Kapitel 3
Aus Anyas Sicht
Camryns Flüstern schlug in der stillen Lobby ein wie eine Granate.
1501? Anya, war das nicht dein Zimmer?
Die Zeit schien sich zu verzerren und dehnte sich zu einer qualvollen Ewigkeit. Jeder Kopf im Raum drehte sich zu uns um. Ich spürte, wie mir das Blut aus dem Gesicht wich und mich benommen und kalt zurückließ. Ich wollte mit den Bodenfliesen verschmelzen. Ich wollte verschwinden.

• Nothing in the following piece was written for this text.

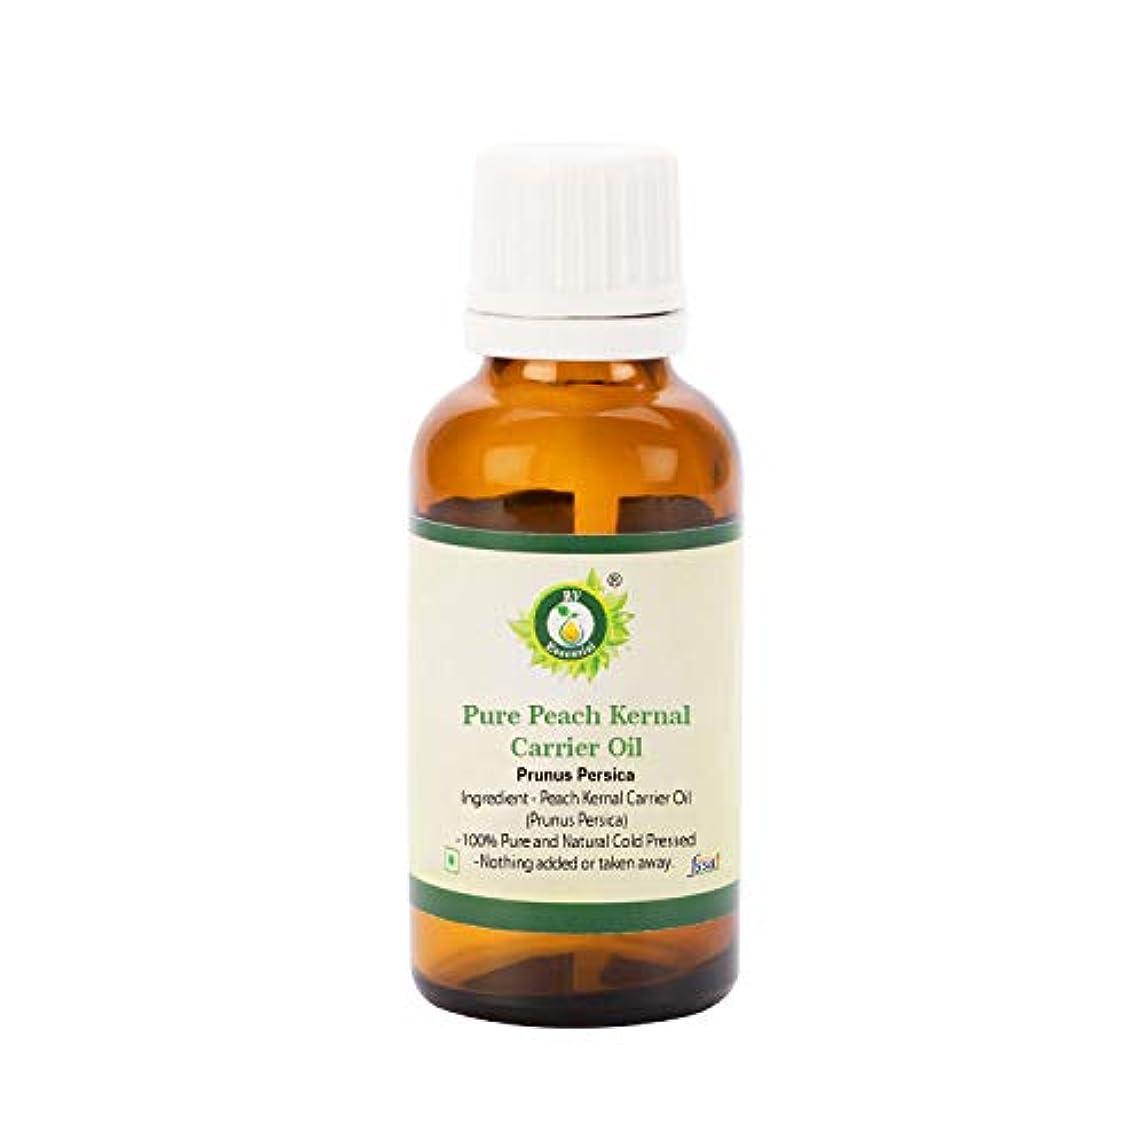 アラスカ命令助けになるR V Essential ピュアピーチ Kernalキャリアオイル10ml (0.338oz)- Prunus Persica (100%ピュア&ナチュラルコールドPressed) Pure Peach Kernal...

Aber Alpha Declan Blackwood ließ mich nicht verschwinden.
Er hielt mitten im Schritt in der Nähe des Ausgangs an. Langsam, mit der tödlichen Anmut eines Raubtiers, das Blut wittert, drehte er sich um. Seine Augen, dunkel und stürmisch wie eine aufgewühlte See, fixierten meine. Da war kein Wiedererkennen der Intimität, die wir Stunden zuvor geteilt hatten – keine Wärme, keine nachklingende Leidenschaft. Da war nur eine kalte, klinische Einschätzung, die mich bis auf die Knochen entblößte.
Er sprach nicht. Er brüllte nicht. Er sah mich nur an, sein Blick verweilte einen Herzschlag lang, der sich wie eine Ewigkeit anfühlte, und brandmarkte mich mit einem stillen Versprechen der Vergeltung. Dann, ohne ein Wort, kehrte er mir den Rücken und ging durch die Glastüren, sein Gefolge ihm nach wie Schatten.
Die Luft in der Lobby strömte zurück, aber sie war dick vor Spannung.
„Anya?", quiekte Camryn und schlug die Hand vor den Mund, als ihr die Erkenntnis dessen, was sie getan hatte, wie eine Welle überrollte. „Oh, Göttin. Ich wollte nicht –"
„Carroll!"
Der hingebellte Name ließ mich zusammenzucken. Dannie Hill, der Regionalleiter, der dieses Trainingsseminar leitete, stürmte auf uns zu. Er war ein kahl werdender, korpulenter Mann, der normalerweise gelangweilt aussah, aber jetzt war sein Gesicht schweißglänzend und bleich vor Entsetzen. Er kannte das Temperament des Alphas und wusste, dass ein Fehler unter seiner Aufsicht ihn alles kosten konnte.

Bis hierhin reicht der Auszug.